On the other hand, when observing the results for ϵ_{Axol, max} (Figure 5), no difference could be detected between the constrained and unconstrained configuration, meaning that in our model the differences in bundle kinematics do not translate into differences at the axolemmal level. Figure 5, (first row), shows overlapping results between the constrained and free MTs conditions. It is worth noting from the fringe plots in Figure 5 (second, third row) the non homogeneous strain distribution on the axolemma. Despite being little dependent on the constraint enforced on the MTs, this strain concentration gets more evident with the increase of strain rate.

FIGURE 5

Figure 5. Maximum von Mises (VM) strain in the axolemma (first row) computed when stretching the whole axon up to ε_axon = 30% at strain rates $\dot{ε} = 0.001 s^{- 1}$ , $\dot{ε} = 0.1 s^{- 1}$ , and $\dot{ε} = 1 s^{- 1}$ from left to right. Plots show the results obtained considering a realistic bundle kinematic (free MTs) and a simplified one (constrained MTs). Solid line and shaded areas represent respectively the mean value and the standard deviation computed over a family of 10 models. On the second and third row, fringe plots for one of the models show the strain distribution in the axolemma at ε_axon = 30%, respectively in the free and constrained MTs configuration.

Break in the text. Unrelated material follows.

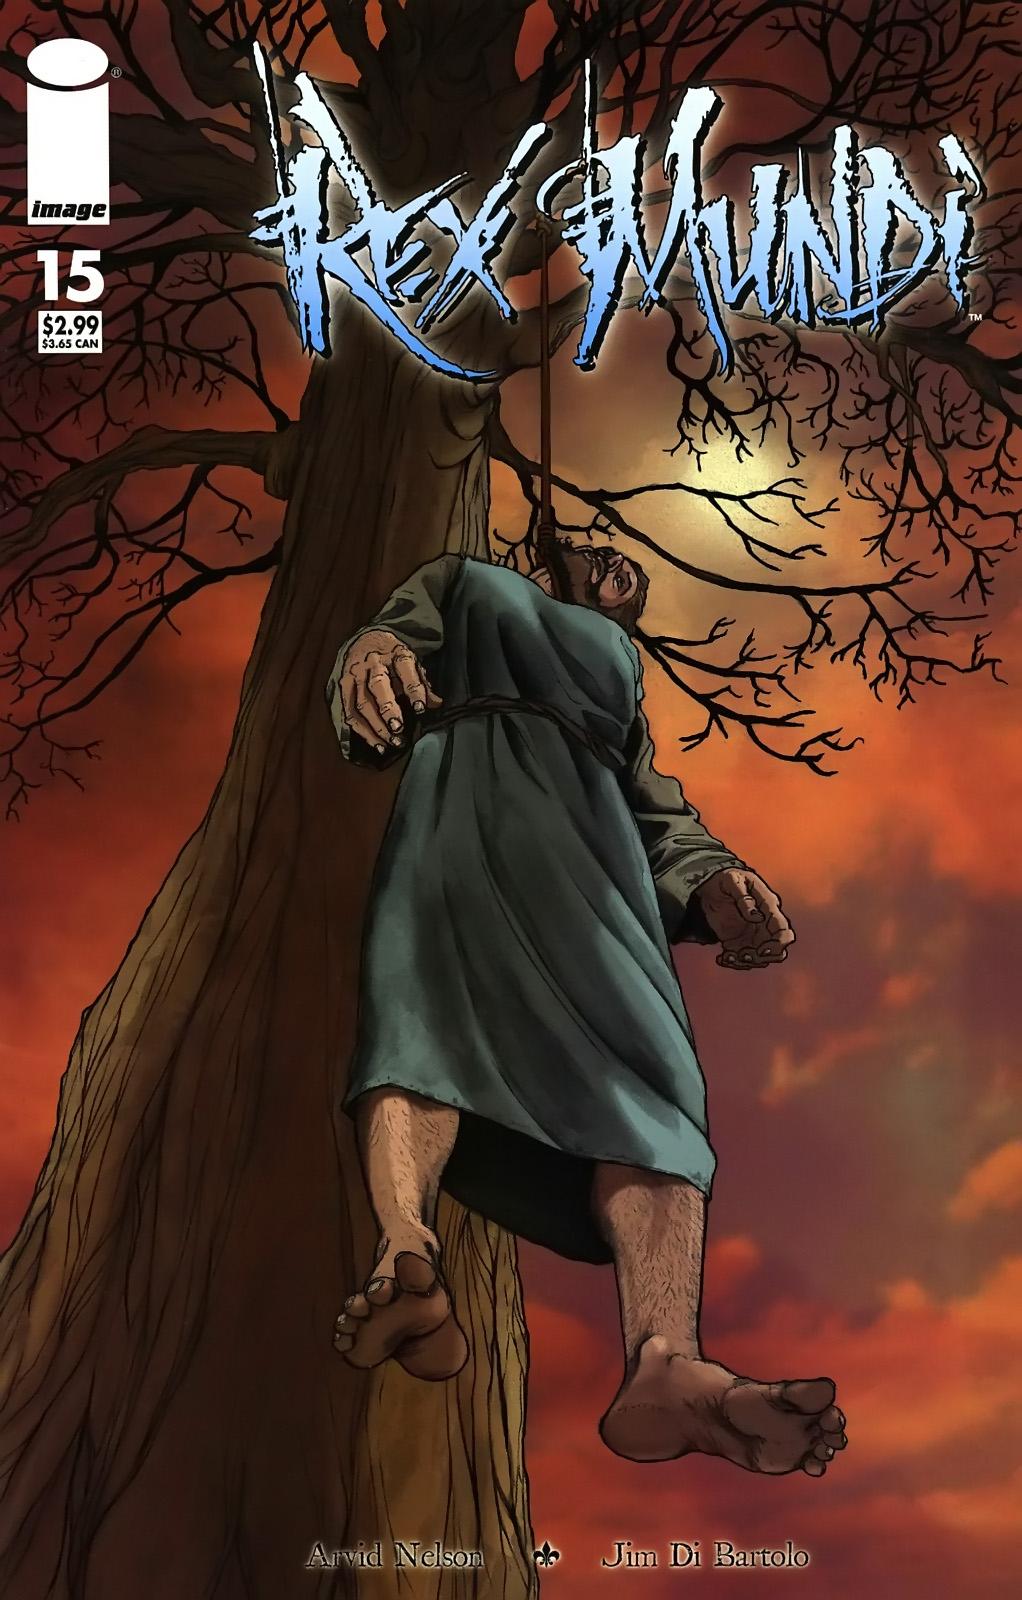 Read online Rex Mundi comic -  Issue #15 - 1

3.2. Strain Rate Effect on Maximum Compartmental Strains

To fulfill the second aim of the study, high strain rate simulations were performed considering a simplified bundle kinematic. Figure 6 depicts maximum VM strains in MTs and axolemma compartment averaged over the family of 10 models. An increase in strain rate causes almost no increase in both MTs and axolemmal values when considering strain rates spanning the quasi-static interval (0.001−0.1s⁻¹). However, as soon as the applied strain rate enters the dynamic regime, ϵ_{MTs, max} considerably increases. In particular, it is found that this quantity grows with the power of the strain rate. Figure 7 shows ϵ_{MTs, max} as a function of strain rate. Means over 10 data points (one for each of the 10 models for each strain and strain rate) are depicted as colored dots with error bars representing the data standard deviation, whereas greyscale lines represent the power-law fit ( $ϵ_{M T s, m a x} = a {\dot{ϵ}}_{a x o n}^{b}$ ) at different strain magnitudes. Fitting parameters were derived with a nonlinear least squared regression in MATLAB and are reported in Table 2.

FIGURE 6

Figure 6. Average (over 10 models) maximum von Mises strain in the MTs bundle (left) and in the axolemma (right) computed when stretching the whole axon up to ε_axon = 30% at different strain rates ranging from the quasi-static to high dynamic regime.

FIGURE 7

Figure 7. Maximum MTs strains as a function of applied strain rate. Color dots represent the data points. Gray-scale lines where produced by fitting the data with a power law with parameters in the following Table.

TABLE 2

Table 2. Power Law fit parameters.

In Figure 8 (left) the maximum thinning of the membrane-cortex complex is displayed as a function of the applied global strain. Results are shown only for the dynamic simulations as maximum thinning is an effect of interest as a potential injury metric for dynamics loading scenario. It can be noted that the elements of the axolemma complex that undergo maximum thinning experience a thickness reduction of the 40% when the axon is stretched up to a global strain of the 30%. With the increase of strain rate from $\dot{ϵ} = 1 s^{- 1}$ to $\dot{ϵ} = 10 s^{- 1}$ there is an additional 5% thickness decrease. This trend is inverted as the strain rate is further increased. Moreover, from visual inspection of the simulation results, maximum thinning occurs in correspondence of the minimum MTs overlap (or maximum MTs distancing), that is where the bundle becomes “slack” (Figure 8, right). In each of the simulations a weak spot such as the one here described appears within the 8μm-long model.

FIGURE 8

Figure 8. (Left) Evolution of the maximum thinning of the axolemma-actin complex (averaged over the family of 10 models) when the axon is stretched up to ϵ_axon = 30% in dependence of strain rate. (Right) Final configuration of model 4 (a) and 2 (b). Insets qualitatively show the correspondence of maximum thinning of the membrane and least MTs overlap.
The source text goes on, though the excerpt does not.